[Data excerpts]
+---+

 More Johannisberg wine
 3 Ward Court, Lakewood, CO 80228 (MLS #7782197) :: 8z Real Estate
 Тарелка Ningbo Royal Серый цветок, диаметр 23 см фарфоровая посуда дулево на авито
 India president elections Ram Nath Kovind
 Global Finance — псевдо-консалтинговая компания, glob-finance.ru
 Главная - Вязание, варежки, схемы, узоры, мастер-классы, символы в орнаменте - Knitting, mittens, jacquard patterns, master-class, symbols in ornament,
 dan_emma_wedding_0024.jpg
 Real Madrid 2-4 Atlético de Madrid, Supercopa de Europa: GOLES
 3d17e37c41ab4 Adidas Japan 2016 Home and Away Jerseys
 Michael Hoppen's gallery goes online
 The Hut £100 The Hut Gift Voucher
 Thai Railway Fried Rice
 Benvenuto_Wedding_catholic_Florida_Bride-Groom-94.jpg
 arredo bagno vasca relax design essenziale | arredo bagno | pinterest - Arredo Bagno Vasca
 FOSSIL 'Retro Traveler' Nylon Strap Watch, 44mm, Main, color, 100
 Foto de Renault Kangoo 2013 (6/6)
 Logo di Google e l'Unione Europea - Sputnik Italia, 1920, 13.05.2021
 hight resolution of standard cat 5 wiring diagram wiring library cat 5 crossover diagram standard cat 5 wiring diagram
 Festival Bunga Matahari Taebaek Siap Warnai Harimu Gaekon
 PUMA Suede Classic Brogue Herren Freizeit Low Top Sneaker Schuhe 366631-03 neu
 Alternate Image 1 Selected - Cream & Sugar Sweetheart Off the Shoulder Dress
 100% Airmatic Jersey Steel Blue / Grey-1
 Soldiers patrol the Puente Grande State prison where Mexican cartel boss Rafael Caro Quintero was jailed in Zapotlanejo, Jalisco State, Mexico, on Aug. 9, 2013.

+---+

- **Your goal**
Print all of the data exactly as it was given.

- **Exercise result**
 More Johannisberg wine
 3 Ward Court, Lakewood, CO 80228 (MLS #7782197) :: 8z Real Estate
 Тарелка Ningbo Royal Серый цветок, диаметр 23 см фарфоровая посуда дулево на авито
 India president elections Ram Nath Kovind
 Global Finance — псевдо-консалтинговая компания, glob-finance.ru
 Главная - Вязание, варежки, схемы, узоры, мастер-классы, символы в орнаменте - Knitting, mittens, jacquard patterns, master-class, symbols in ornament,
 dan_emma_wedding_0024.jpg
 Real Madrid 2-4 Atlético de Madrid, Supercopa de Europa: GOLES
 3d17e37c41ab4 Adidas Japan 2016 Home and Away Jerseys
 Michael Hoppen's gallery goes online
 The Hut £100 The Hut Gift Voucher
 Thai Railway Fried Rice
 Benvenuto_Wedding_catholic_Florida_Bride-Groom-94.jpg
 arredo bagno vasca relax design essenziale | arredo bagno | pinterest - Arredo Bagno Vasca
 FOSSIL 'Retro Traveler' Nylon Strap Watch, 44mm, Main, color, 100
 Foto de Renault Kangoo 2013 (6/6)
 Logo di Google e l'Unione Europea - Sputnik Italia, 1920, 13.05.2021
 hight resolution of standard cat 5 wiring diagram wiring library cat 5 crossover diagram standard cat 5 wiring diagram
 Festival Bunga Matahari Taebaek Siap Warnai Harimu Gaekon
 PUMA Suede Classic Brogue Herren Freizeit Low Top Sneaker Schuhe 366631-03 neu
 Alternate Image 1 Selected - Cream & Sugar Sweetheart Off the Shoulder Dress
 100% Airmatic Jersey Steel Blue / Grey-1
 Soldiers patrol the Puente Grande State prison where Mexican cartel boss Rafael Caro Quintero was jailed in Zapotlanejo, Jalisco State, Mexico, on Aug. 9, 2013.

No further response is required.